Nantucket Pine Tip Moth – Rhyacionia frustrana
Nantucket Pine Tip Moths (Rhyacionia frustrana)
Latin Name: Rhyacionia frustrana
Common Name: Nantucket pine tip moths
- Rhyacionia frustrana, or Nantucket pine tip moths, are around 1/4 inch long with a wingspan of about 1/2 inch.
- They have silvery patterns and are copper in hue. The eggs are tiny, convex, and white to orange in color.
- The caterpillars, about 3/8 inches long and have brown heads, are usually cream in color.
- Pupae are fusiform, brown to dark brown, and about 1/4 inch long.
More than pine species have been recorded as host trees for Rhyacionia frustrana like loblolly pine (Pinus taeda L.) Cuban, Pinus, cubensis Griseb. jack, Pinus banksiana Lamb. Monterey, Pinus radiata D. Don .oocarp, Pinus oocarpa Schiede and pitch, Pinus rigida Mill etc.
Rhyacionia frustrana, the second most widely distributed native North American member, may be found from Massachusetts to Florida, and west to Missouri, Oklahoma, Texas, and California. In addition to the Dominican Republic, Cuba, Jamaica, Mexico (Oaxaca), Guatemala, Honduras, and Nicaragua, it is also found in Mexico (Oaxaca), Cuba, Jamaica, Guatemala, Honduras, and Nicaragua.
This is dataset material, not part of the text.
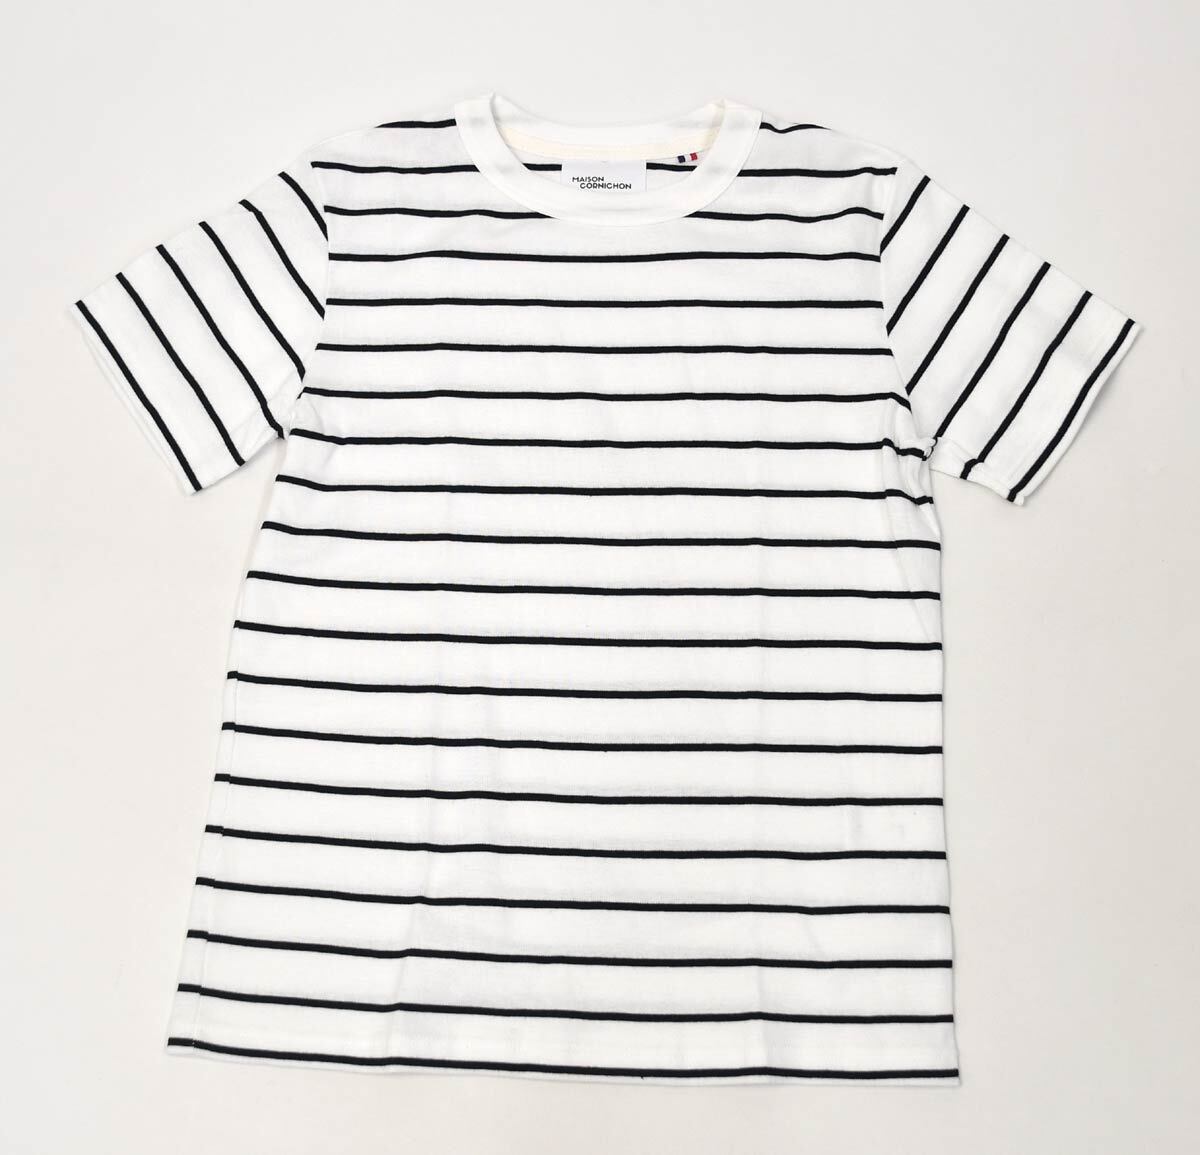  new goods mezzo nkorunishonMaison Cornichon short sleeves T-shirt 0 border white Classic Fit cotton f rice knitted T-shirt

Damages caused by Nantucket pine tip moths:
Boring into the tops of young trees causes slower development, crooking, and forking of main stems, cone diminution, and, in extreme situations, tree mortality. Trees up to 15 feet tall are the most commonly attacked. In more giant trees, widespread destructive infestations have been reported on sometimes.
Description about Gall makers:
Gall makers arrive in silence, like old buccaneers, but without eye patches or shoulder parrots. They also confiscate their rewards quickly and effectively, putting them to work doing their bidding with eye-catching results. Gall-producing insects include a variety of wasps, flies, and a few aphids and mites. Instead of transporting its loot to a secluded cove, the gall maker chemically hijacks a leaf bud or other spot on a tree to construct a casing of plant tissue that protects and nurtures the gall maker’s growing children. Over half of these fascinating critters are attracted to oak trees. Galls can develop on the leaves, bark, flowers, buds, or roots of plants. Except for some twig and stem galls, most growths do not affect healthy trees.
Life history and Habits:
New moths emerge to mate on warm days as early as January and February. Females deposit their eggs on the needles, stems, and buds of plants. Depending on the weather, tiny caterpillars hatch 5 to 30 days later and feed on the surface of new growth or dig into the needle bundles. Later on, they travel to the shoot tips, build protective webs at the base of buds, and start boring into the bud or stem. Feeding will continue indoors for 3 to 4 weeks or until the caterpillars are entirely developed. Depending on the temperature, there may be up to four to five generations every year, with chilly weather extending the life cycle and warm weather shortening it.